Wayne Thursby put forth on 2/15/2010 11:42 PM:
Hello everyone,
Note domain in my email addy Wayne. ;)
I have been looking at the Dell EqualLogic stuff and it seems to provide what we need. I can get most of the information I need from the rep, but I wonder if anyone has any experience with high performance requirements on these kinds of storage.
EqualLogic has nice iSCSI SAN storage arrays with internal multiple snapshot ability and what not, but IMHO they're way over priced for what you get.
I'd like to continue running my current hardware as the primary mail server, but provide some kind of failover using the SAN. The primary usage of the SAN will be to make our 2TB document store highly available. I'm wondering what kind of options I might have in the way of piggybacking some email failover on this kind of hardware without sacrificing the performance I'm currently enjoying.
Give me the specs on your current SAN setup and I'll give you some good options.
- What/how many FC switches do you have, Brocade, Qlogic, etc?
- What make/model is your current SAN array controller(s), what disk config?

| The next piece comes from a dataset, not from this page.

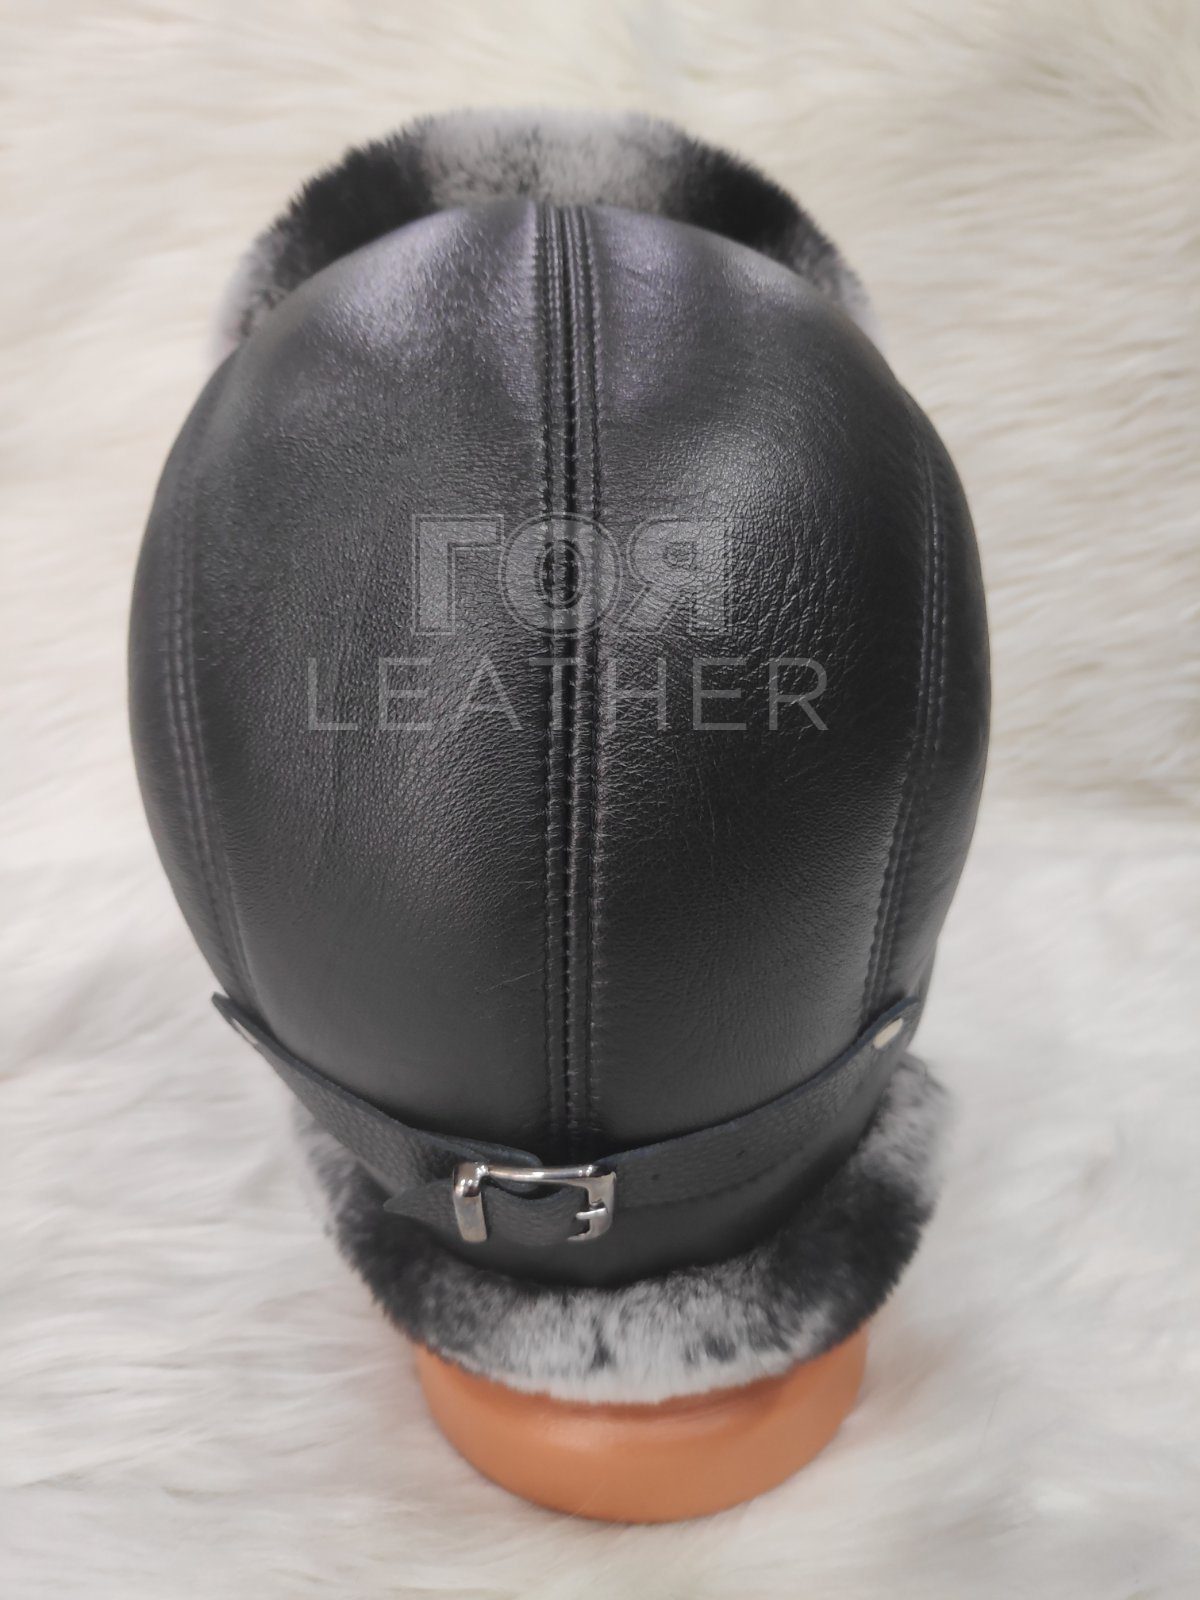 Кожена шапка ушанка от ГОЯ Leather. Шапка изработена от 100% естествена кожа. Използваните естествени материали са агнешка напа и рекс-чинчила. Лек, топъл и комфортен модел. Шапката е унисекс.

Is it possible to go with a virtual machine mounted on iSCSI acting as a backup mail server? How would I sync the two, NBD+MD? Any experience doing this with maildirs? I wonder about the performance.
This isn't the way to go about it. You already have an FC SAN and VMware ESX. ESX+SAN is _THE_ way to do HA/failover with Vmotion. I haven't use it since ESX3, but I must say, there is no better solution available on the planet. It's nearly perfect.

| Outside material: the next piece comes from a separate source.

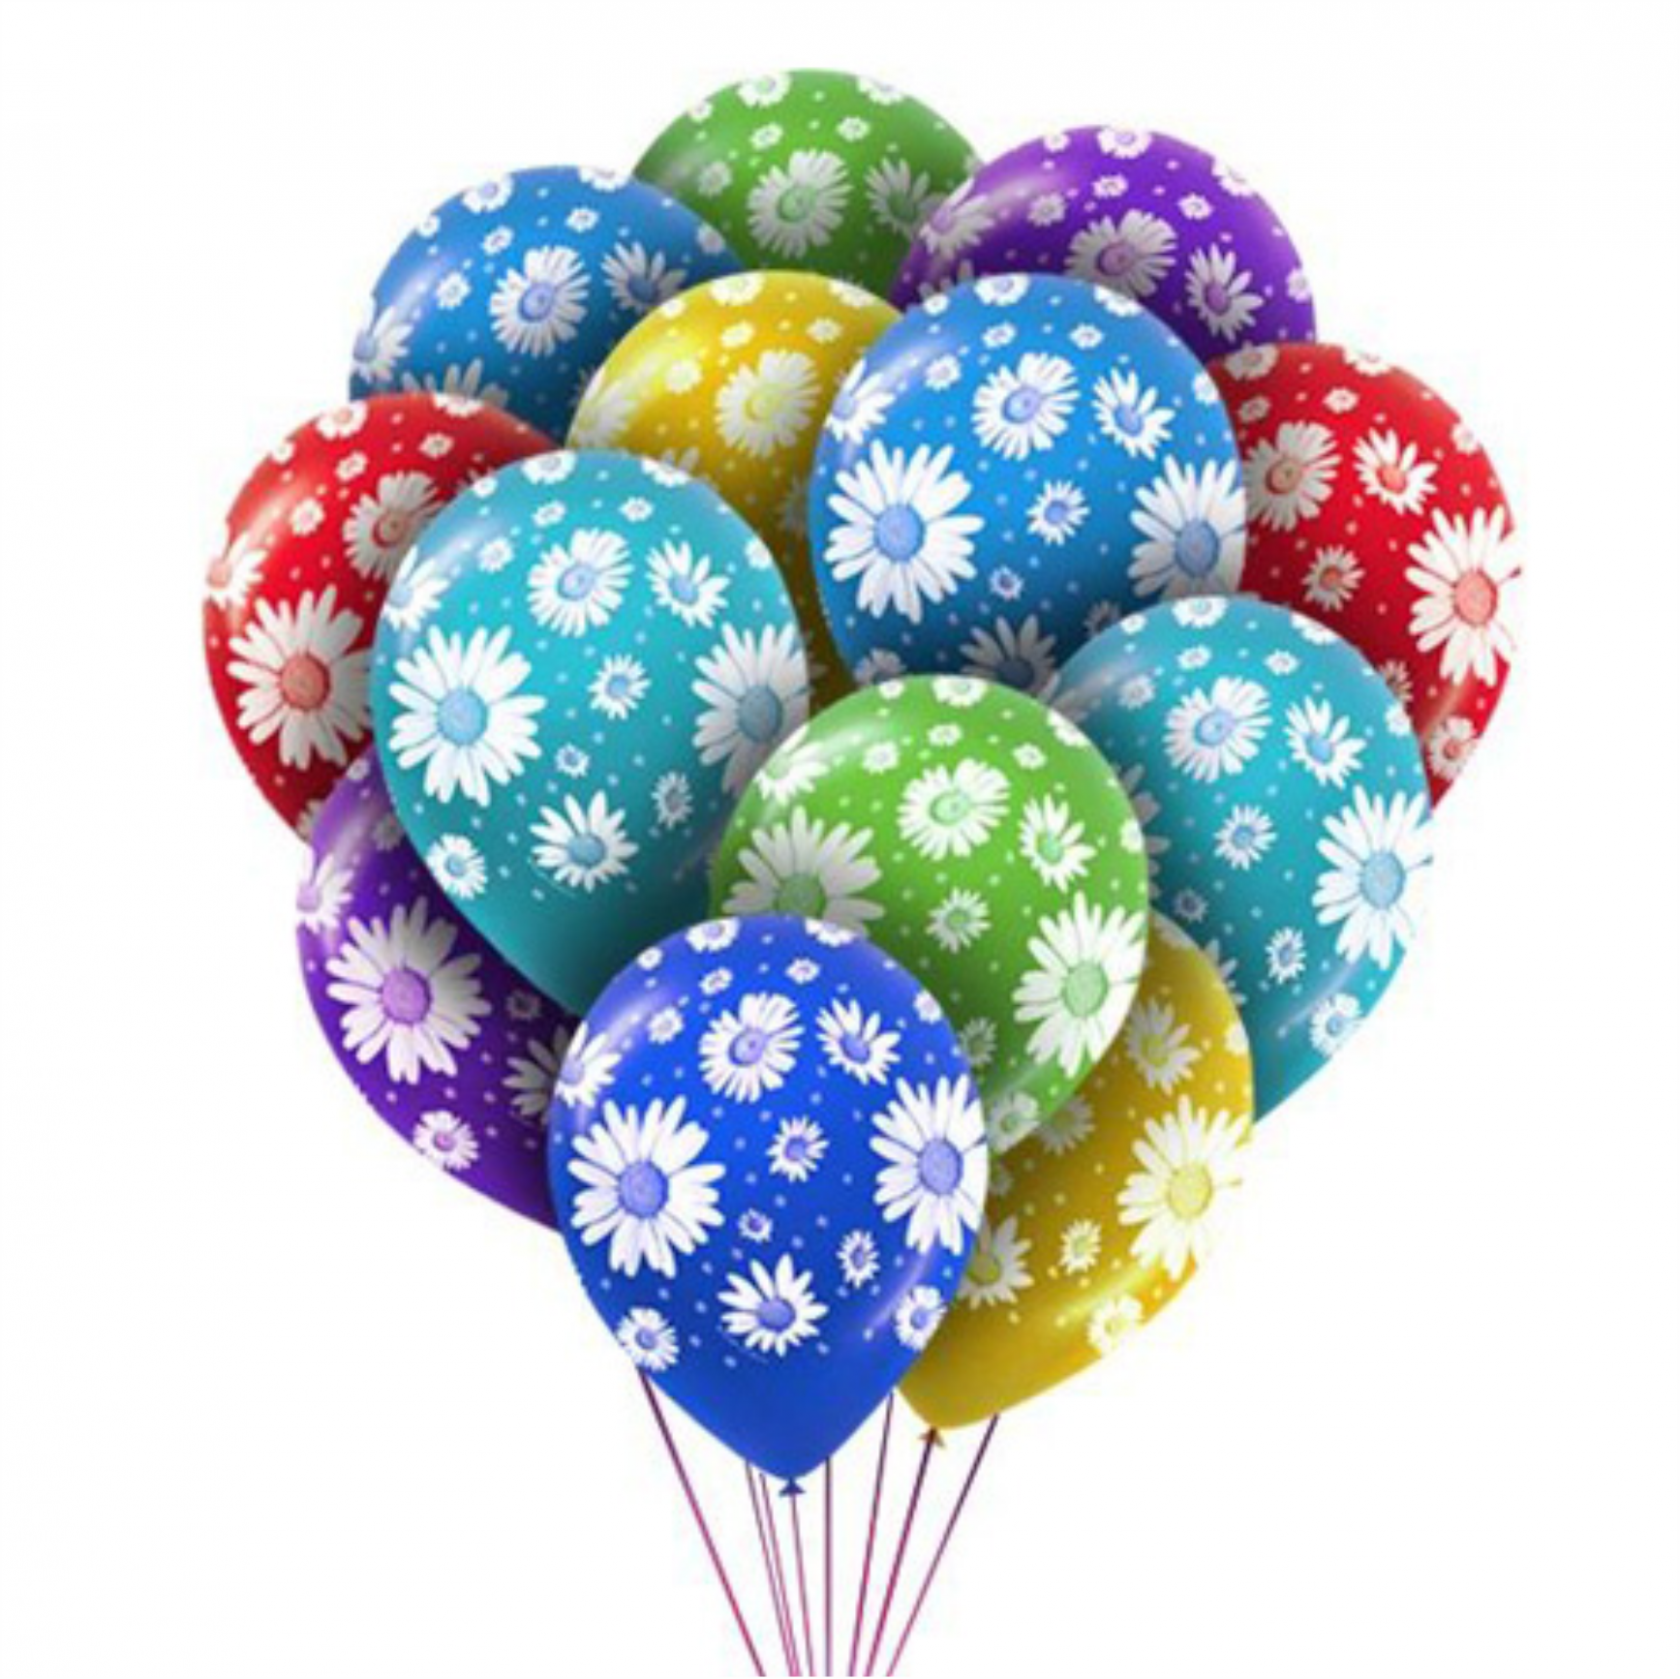 Цветные шары. Воздушные шары. Разноцветные шарики воздушные. Шары надувные. Шарики воздушные купить недорого

Can it be as simple as attaching my MD-1000's second controller to the SAN magic box via SAS and pressing the Easy button?

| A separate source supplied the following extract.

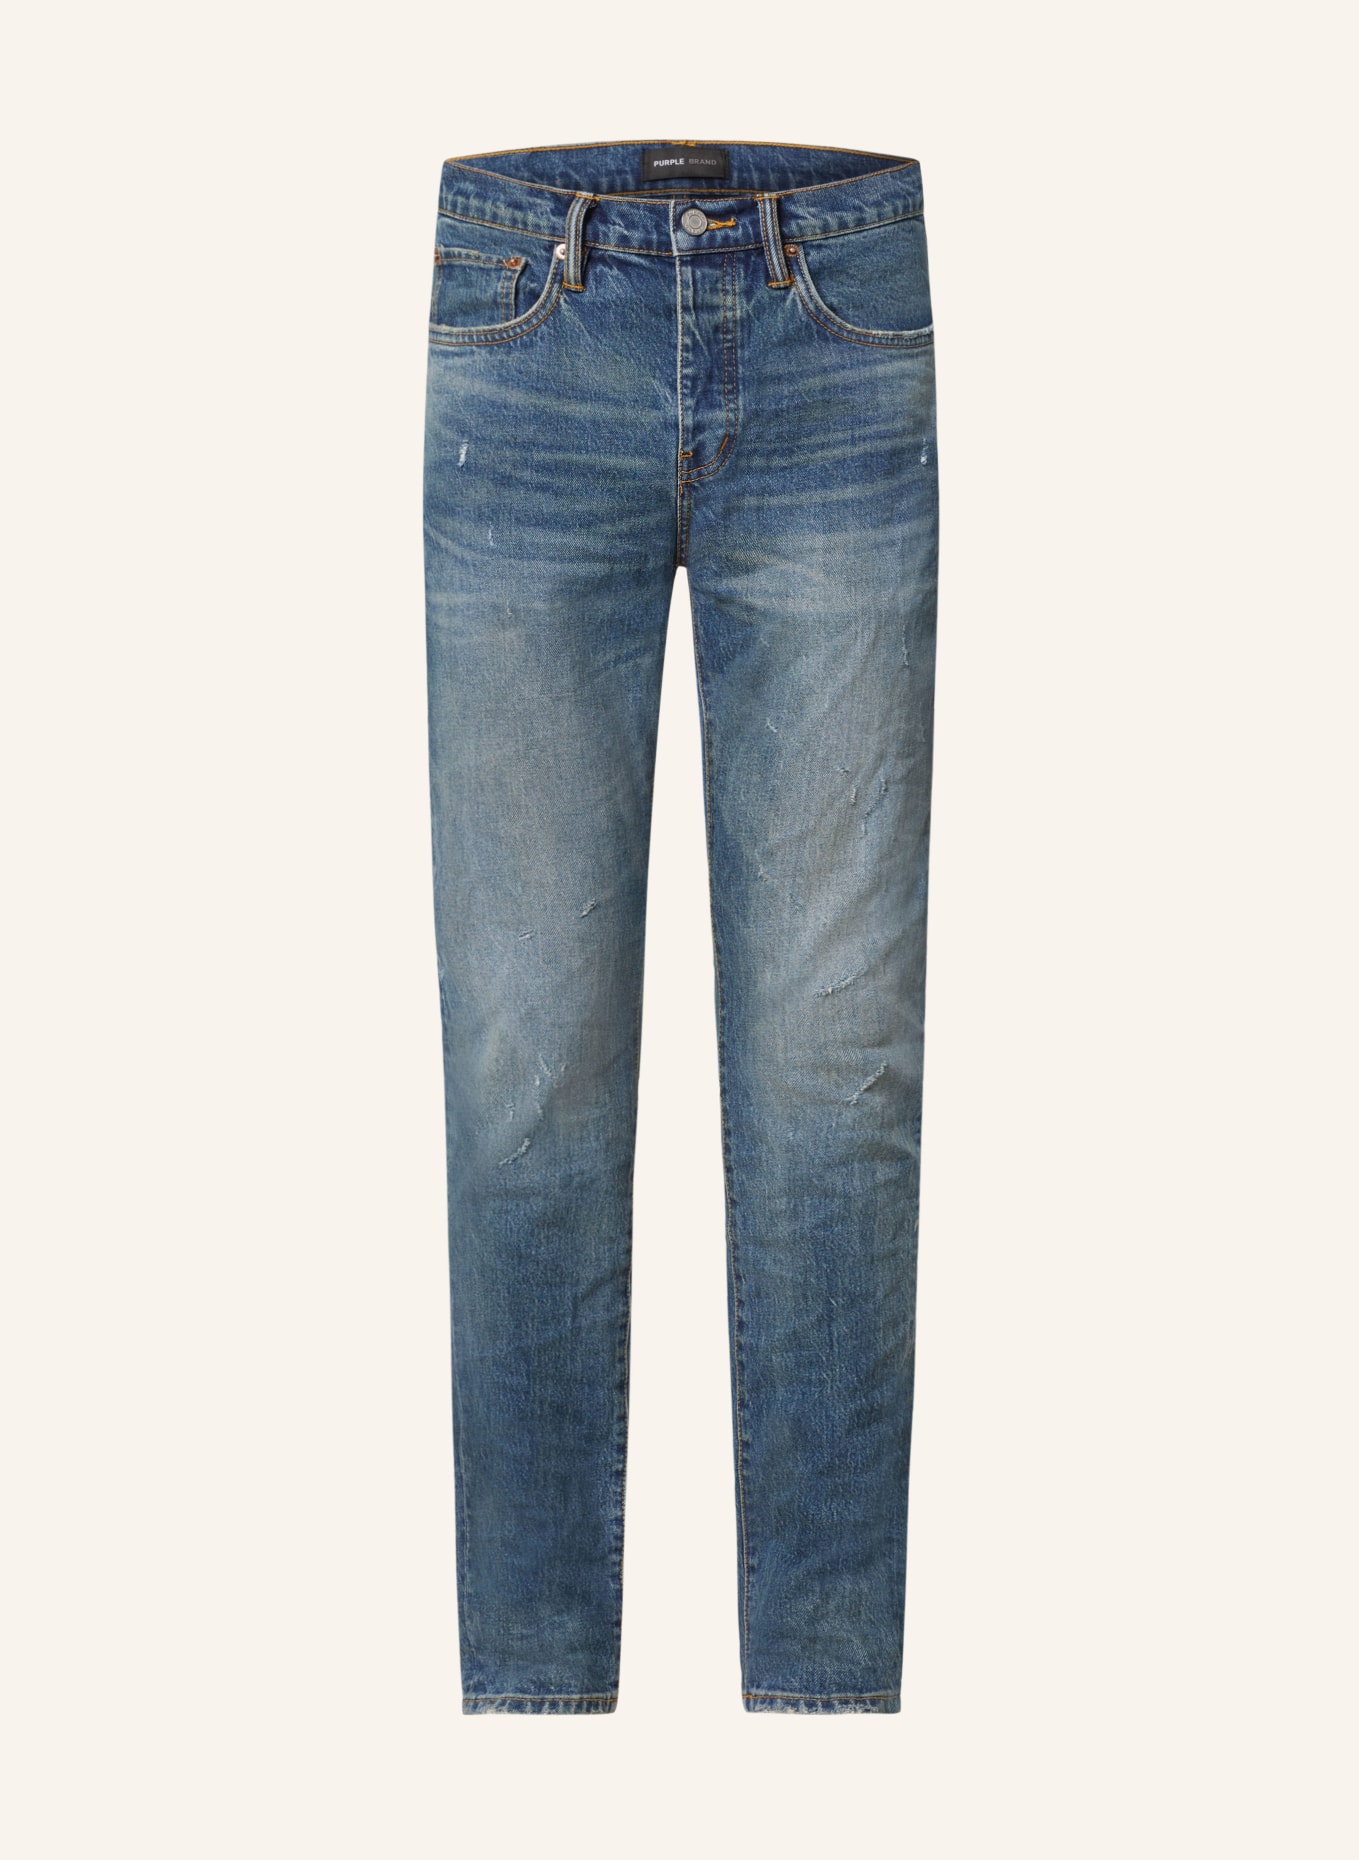 PURPLE BRAND Destroyed jeans skinny fit, Color: DK INDIGO (Image 1)

No. The MD-1000 is direct attached storage, i.e. dumb storage, and you have it configured with a hardware RAID controller in a single host. You can't share it with another host. To share storage arrays between/among multiple hosts requires an intelligent controller in the array chassis doing the RAID, multiple host port connections (FC, SCSI, iSCSI), and a cluster filesystem on the hosts to coordinate shared fs access and file locking. This is exactly what ESX does with multiple ESX hosts and a SAN array.
Is it as expensive as running my primary mailserver mounted from the SAN via Fiber Channel? Will that get me under 30ms latency?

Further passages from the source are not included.